--- EXERCISE ---
Starting with the first line of the material, reproduce exactly each line up to and including the one that contains "vía Wikimedia Commons.", leaving out every picture.
*** DATA EXCERPT ***
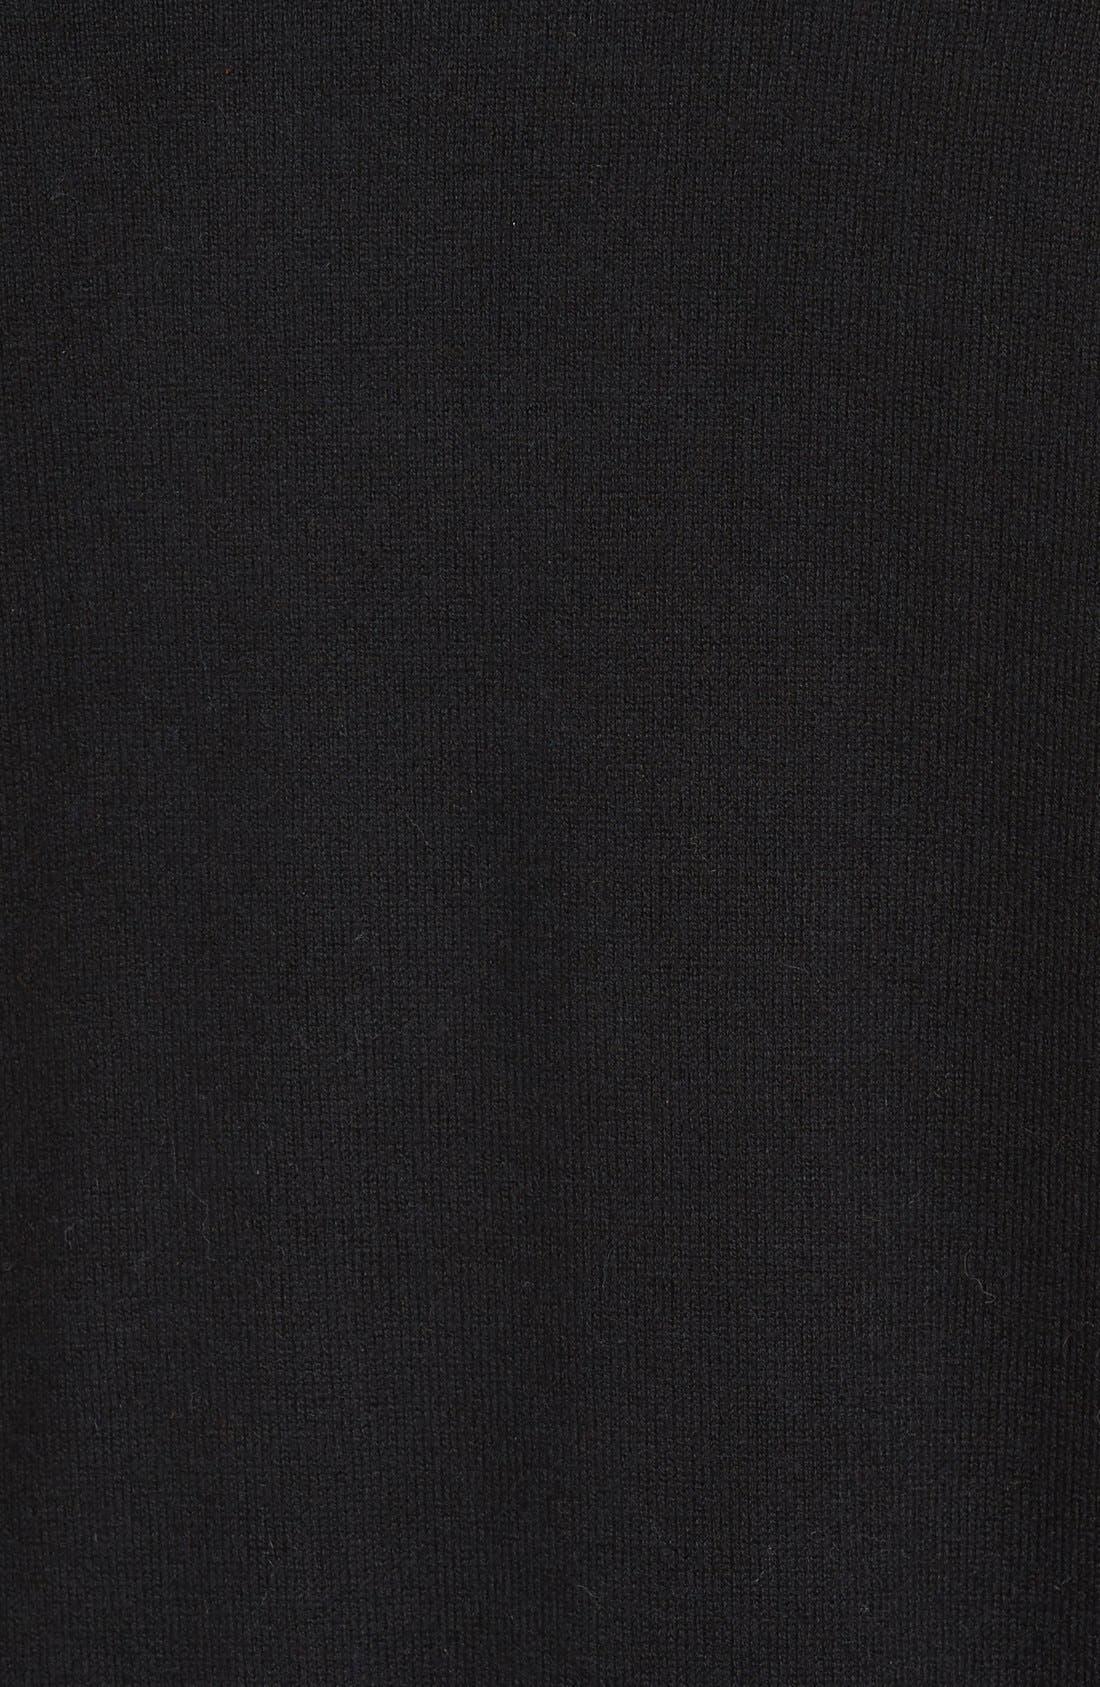 'Jersey Sport' Cotton Blend Crewneck Sweater,                             Alternate thumbnail 5, color,                             001
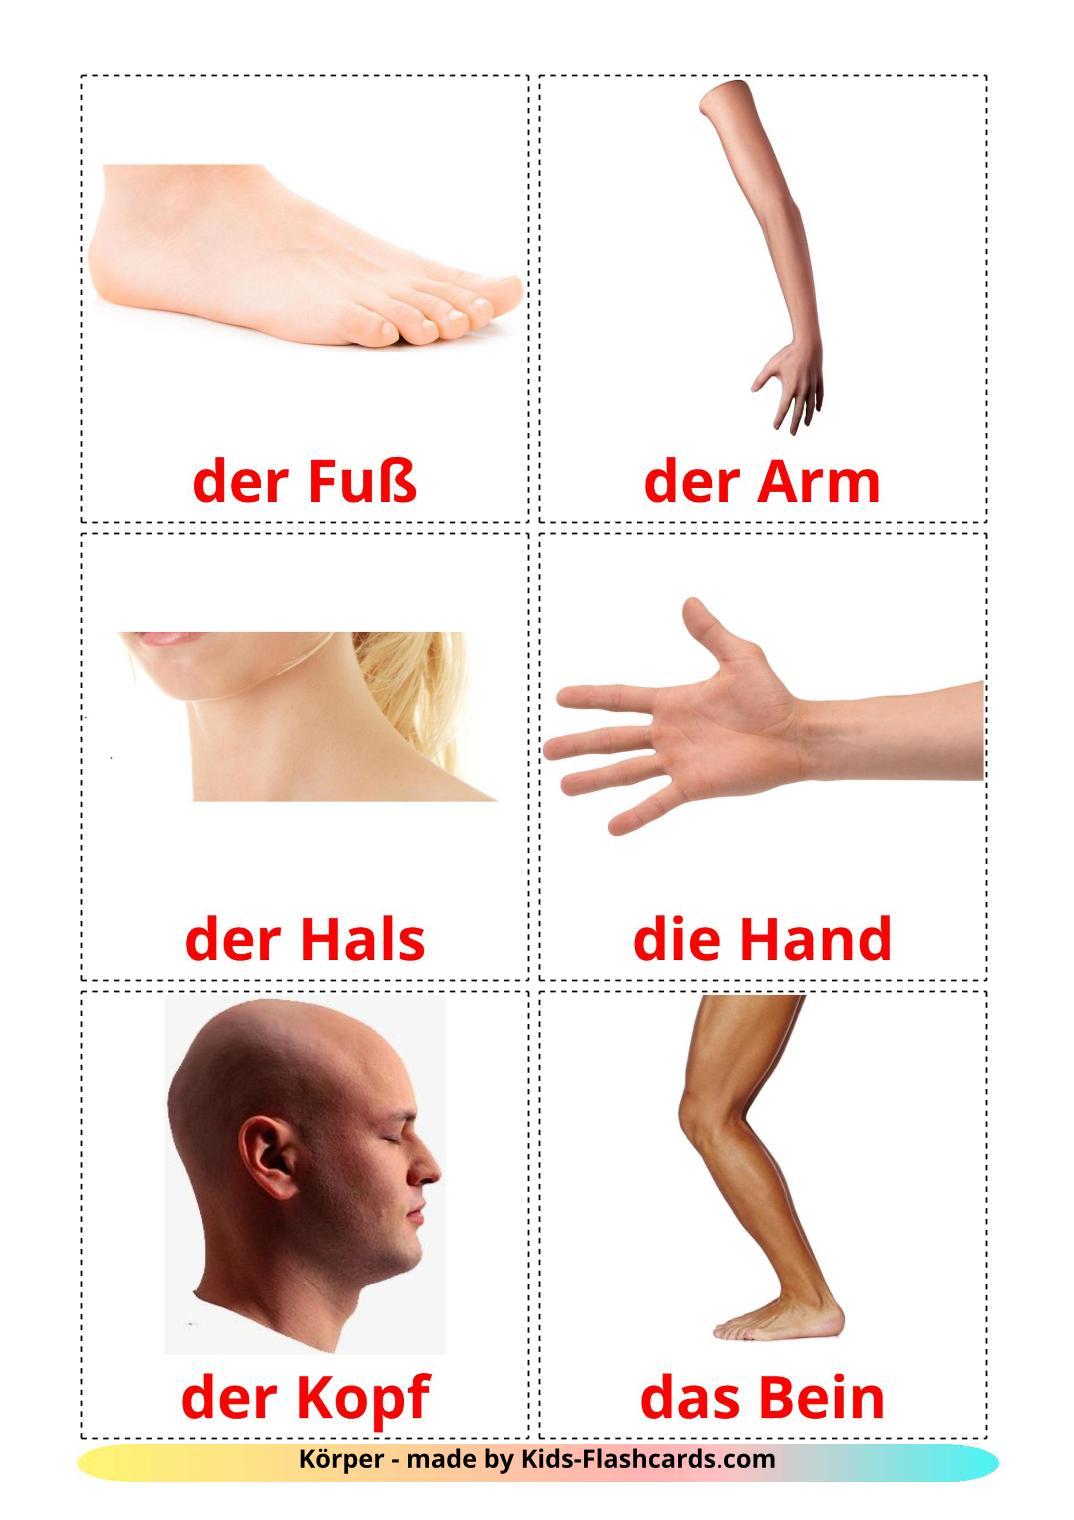 Body Parts - 26 Free Printable german Flashcards
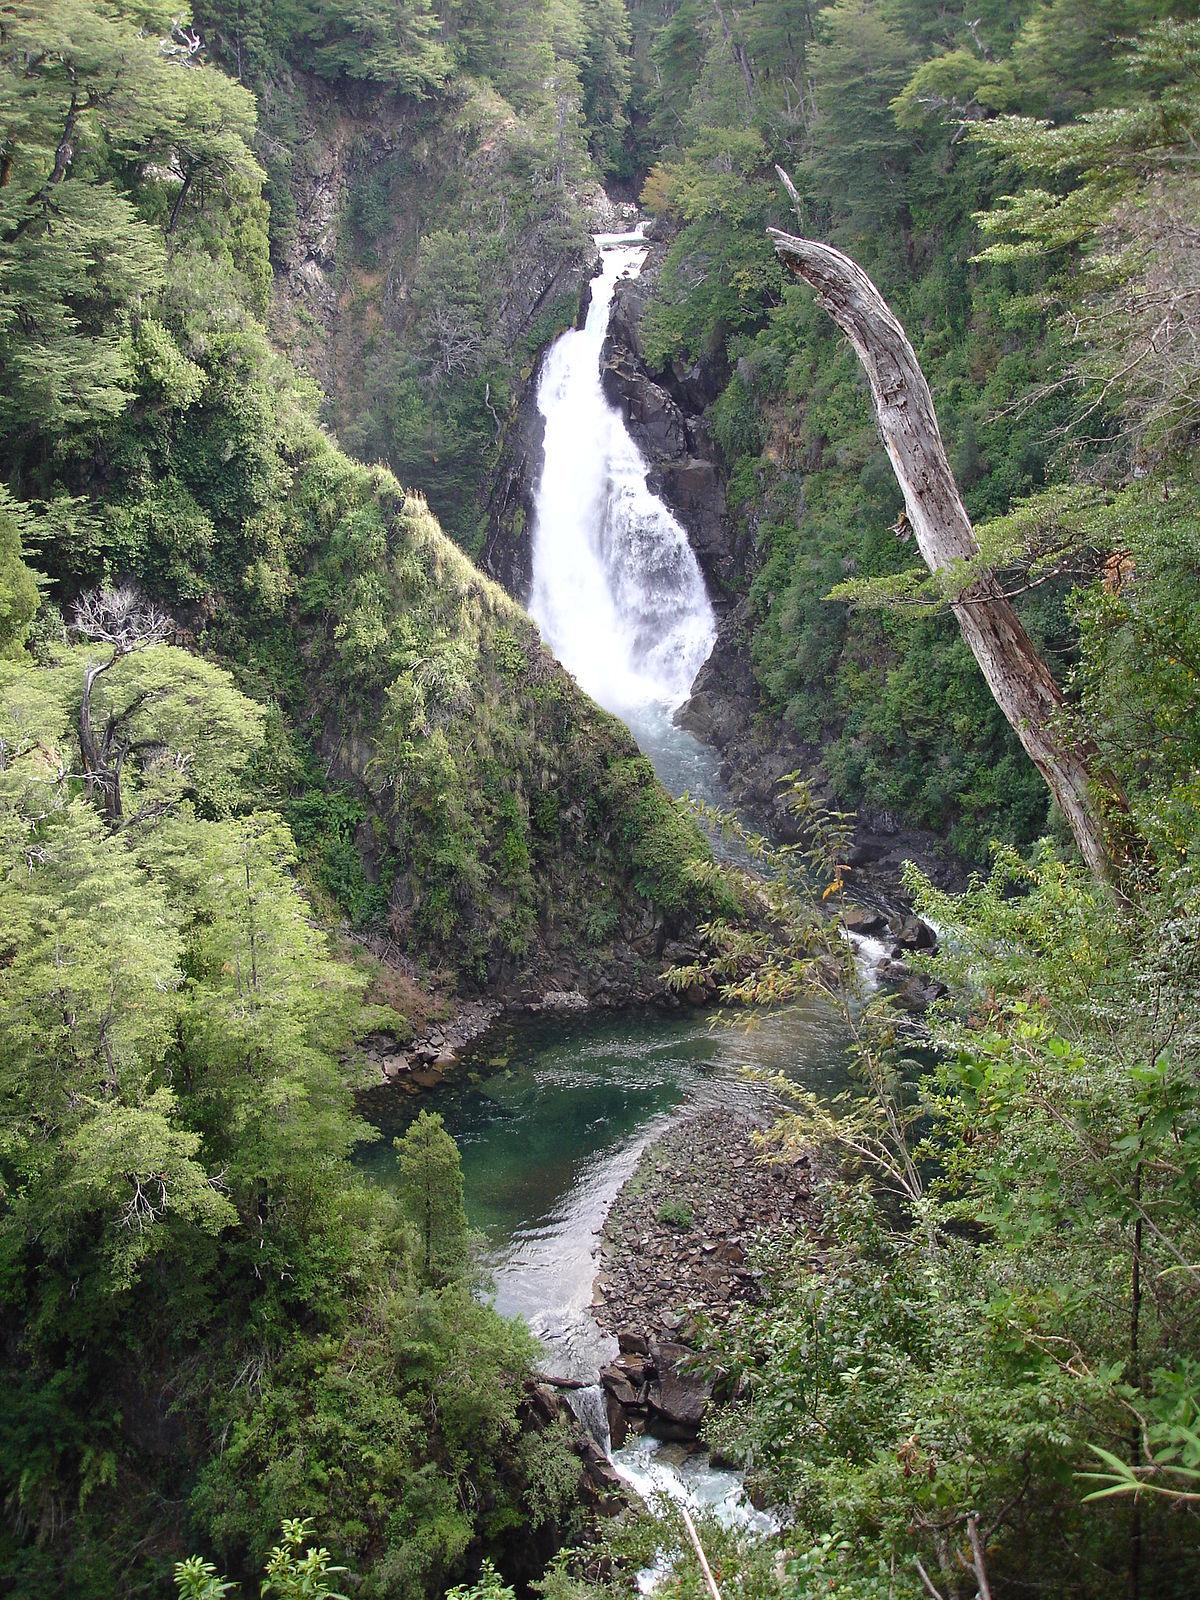 «Cascada Chachin PN Lanin» por Albasmalko - Trabajo propio. Disponible bajo la licencia CC BY-SA 3.0 vía Wikimedia Commons.
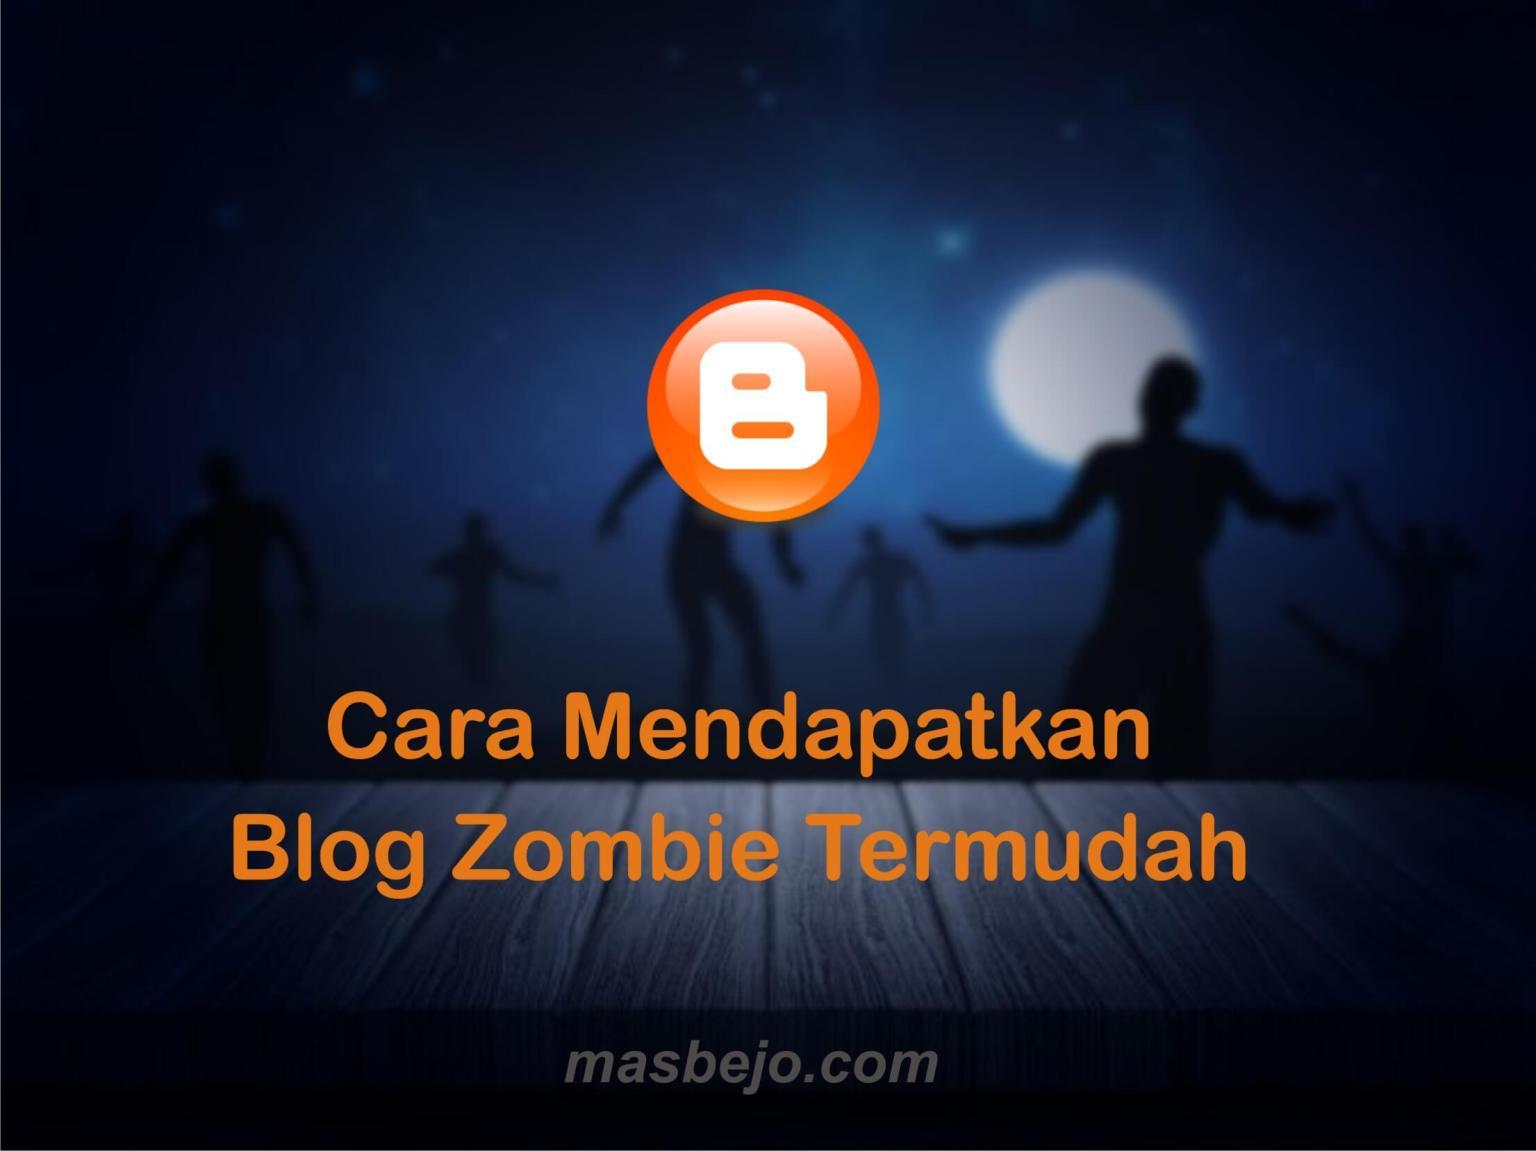 Cara Mendapatkan Blog Zombie Termudah
*** End of DATA EXCERPT ***
--- OUTPUT BELOW ---
 'Jersey Sport' Cotton Blend Crewneck Sweater,                             Alternate thumbnail 5, color,                             001
 Body Parts - 26 Free Printable german Flashcards
 «Cascada Chachin PN Lanin» por Albasmalko - Trabajo propio. Disponible bajo la licencia CC BY-SA 3.0 vía Wikimedia Commons.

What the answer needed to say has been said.